TASK ITEM -> Only the lines from the one containing "Atlantic Furniture Bed" through the end of the listing are to be repeated, exactly and without pictures.

GIVEN DATA ->

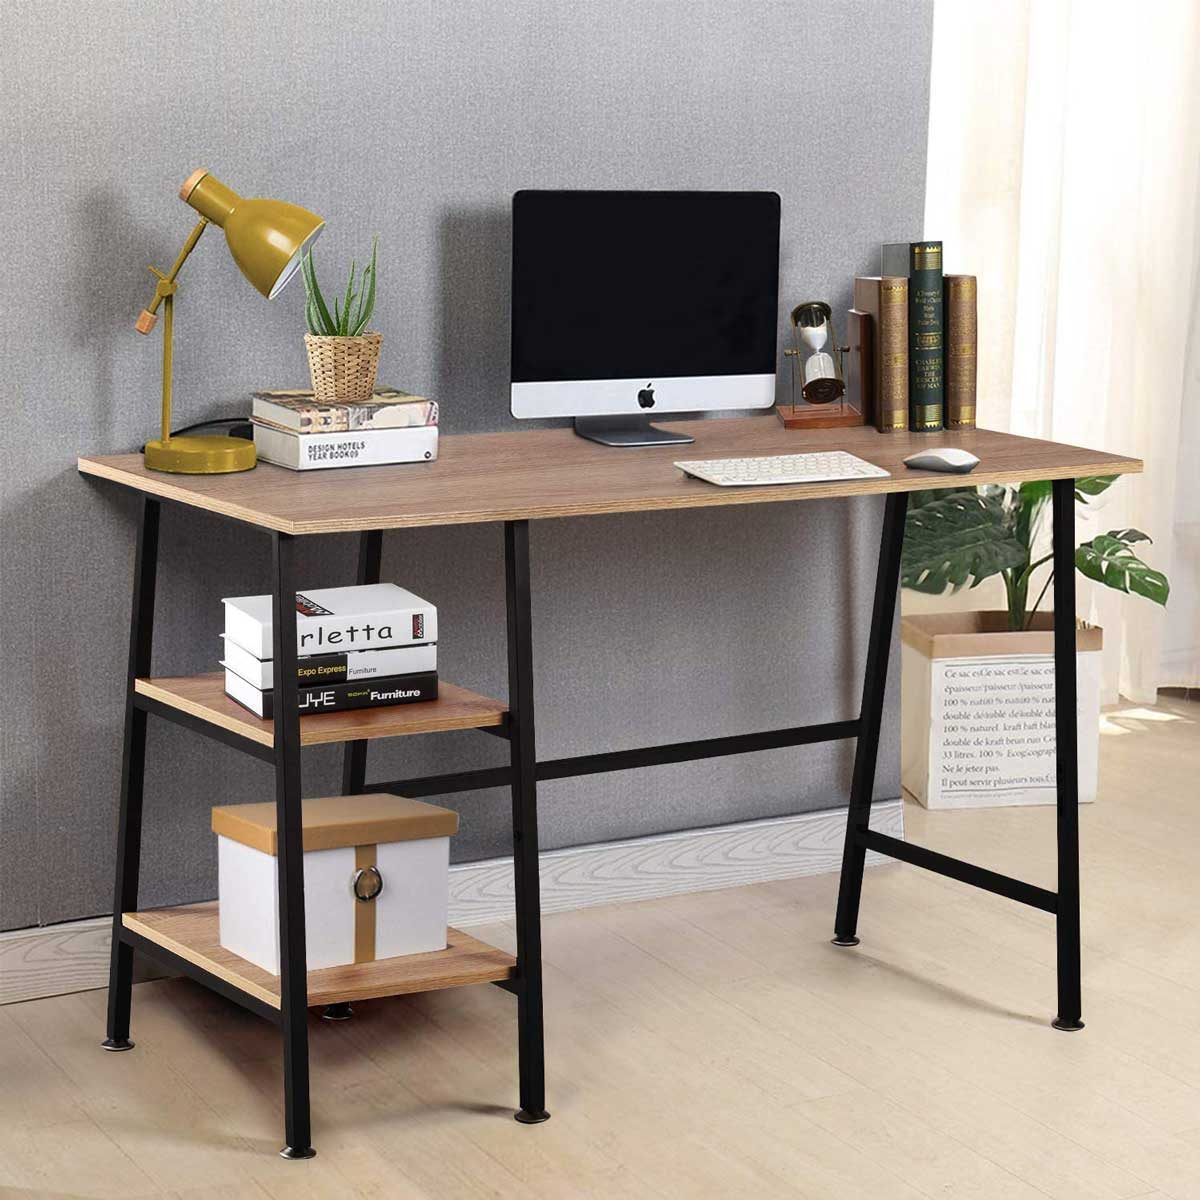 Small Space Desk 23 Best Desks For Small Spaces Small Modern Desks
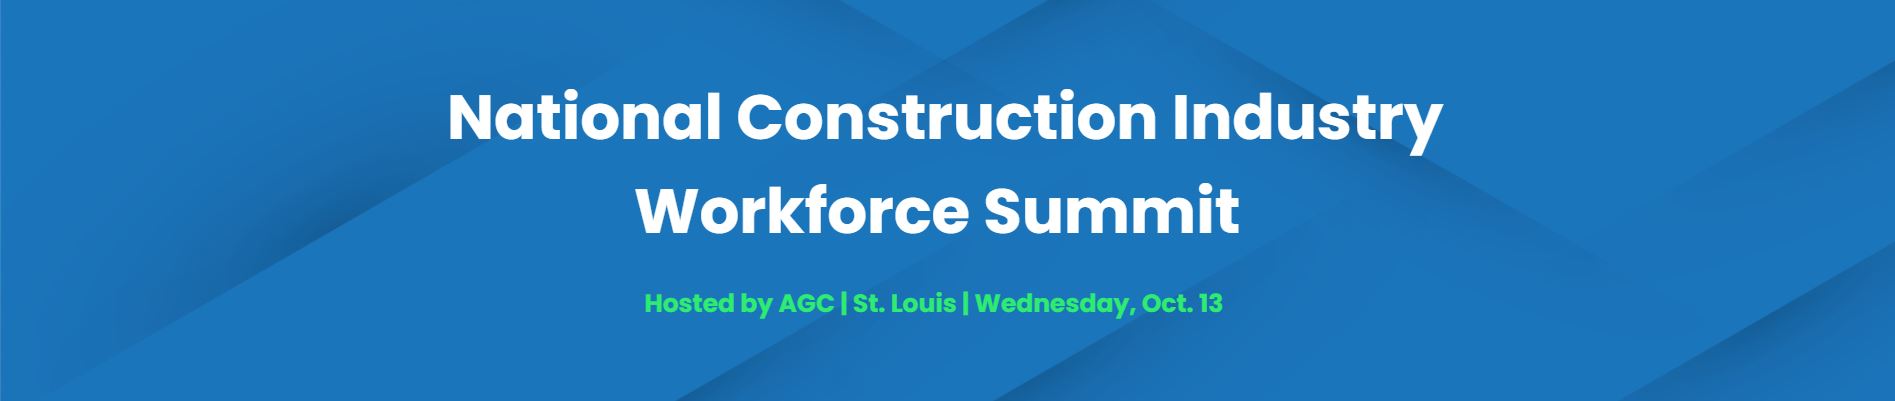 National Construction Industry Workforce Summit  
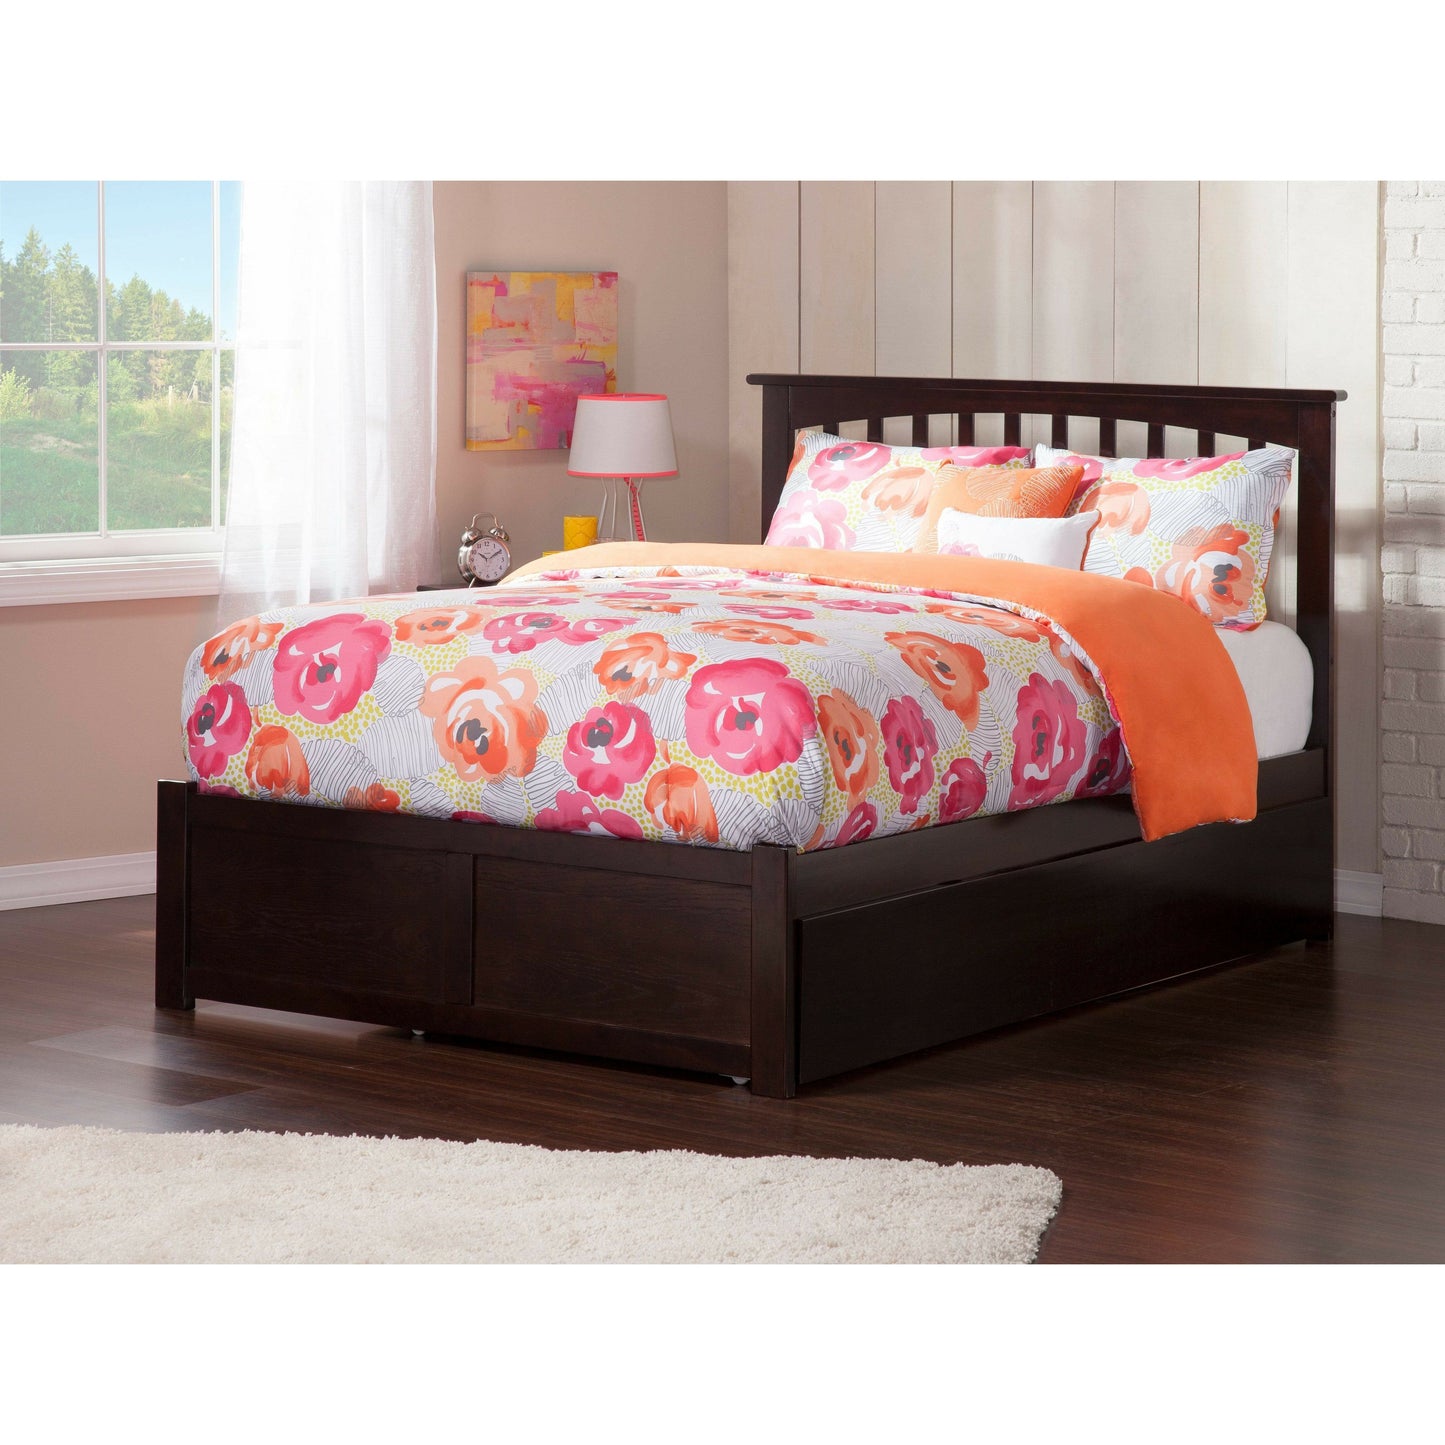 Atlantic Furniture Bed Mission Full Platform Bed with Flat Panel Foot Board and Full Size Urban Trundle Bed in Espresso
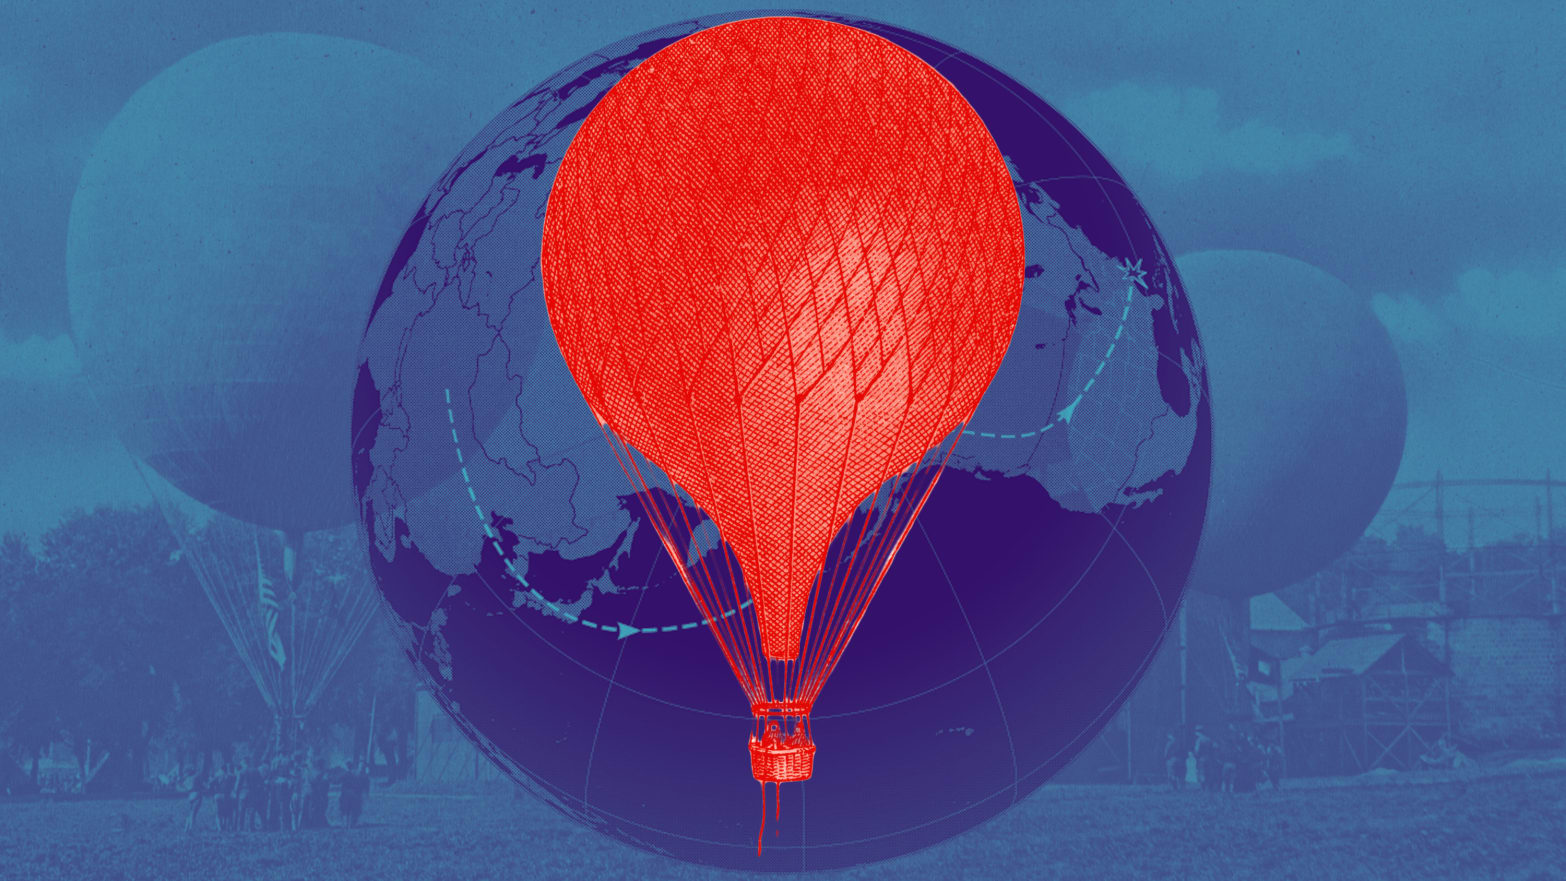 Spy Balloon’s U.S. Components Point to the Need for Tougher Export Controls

RESULT OF THIS EXERCISE ->
 Atlantic Furniture Bed Mission Full Platform Bed with Flat Panel Foot Board and Full Size Urban Trundle Bed in Espresso
 Spy Balloon’s U.S. Components Point to the Need for Tougher Export Controls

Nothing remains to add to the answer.